The human space population is scheduled to more than double June 13 when the seven-person crew of the space shuttle Endeavour launches for the International Space Station). All five space agencies involved in the ISS — United States, Russia, Canada, Japan and Europe — will have representatives at the space station when the shuttle arrives June 15 with six Americans and a Canadian. The ambitious 16-day mission will need them all.
Endeavour will arrive with a cargo bay full of work, including the final permanent components of the Japan Aerospace Exploration Agency’s (JAXA) Kibo laboratory complex, a literal “front porch” on the ISS for space-exposed science experiments. To store and transport the experiments that the exposed facility will accommodate, Endeavour will also carry a storage area similar to the logistics module on the Kibo laboratory, but unpressurized.
Inside Endeavour’s cargo bay will be an integrated cargo carrier holding several pieces of spare equipment for the space station. Most of it — a spare space-to-ground antenna, a spare linear drive unit and a spare pump module — will be stored on an external storage platform on the station’s truss. But six batteries for the station’s oldest solar array will be installed. All the work required will take five spacewalks over the course of the mission. “That’s spacewalk, a day off, a spacewalk, a day off,” said lead Shuttle Flight Director Paul Dye. “And that just goes on forever.”
NASA officials said the weather forecast for the 7:17 a.m. EDT launch June 13 is “80 percent go.” If the weather is uncooperative, NASA will attempt to launch on June 14 or 15 before delaying the mission until July. After June 15, the Endeavour must stand down because NASA has scheduled a June 17 launch of an Atlas V rocket carrying the LRO (Lunar Reconnaissance Orbiter) and the LCROSS (Lunar Crater Observation and Sensing Satellite).

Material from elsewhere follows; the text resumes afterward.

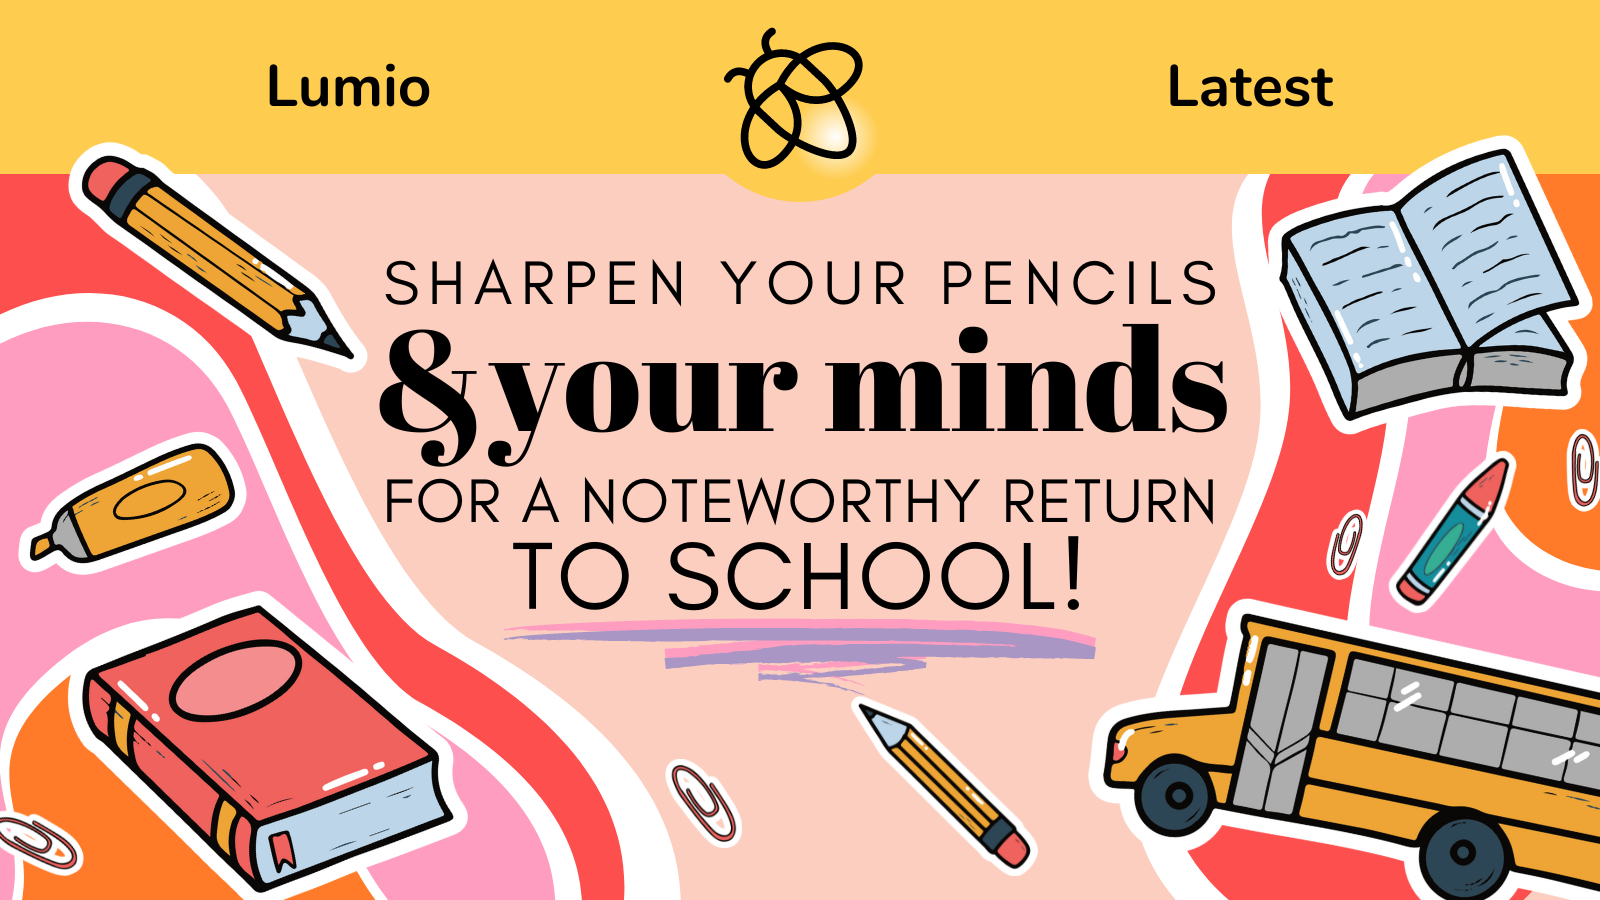 Sharpen your minds and pencils for a noteworthy return to school! (5)

Once the Endeavour reaches the ISS, things will be as busy inside the shuttle and space station as the spacewalkers, with all three of the available robotic arms being put to use, sometimes all on the same day. The shuttle’s Canadarm and the station’s Canadarm2 will be put through their regular paces for surveys, unloading cargo and moving equipment and spacewalkers around, and a new Japanese robotic arm will be making its debut to transfer science experiments.
“It’s certainly really exciting for JAXA,” said Polansky. “For them, this is the last of their hardware that’s going to be permanently attached to the space station. This completes their series.”
The mission also marks another milestone for JAXA with Japanese flight controllers on the ground operating their own berthing mechanisms for the first time. The Kibo external facility will never need to be connected to anything but a Japanese-built module, so the Japanese were free to use any berthing mechanism they wanted.
“Before, even when we had pieces of hardware that were built by someone else, we have, here in the U.S. control center, still maintained a lot of the technical leadership,” said lead Station Flight Director Holly Ridings. “In this case, they truly have technical leadership for some of the things that must work to make the mission a success. It’s unique.”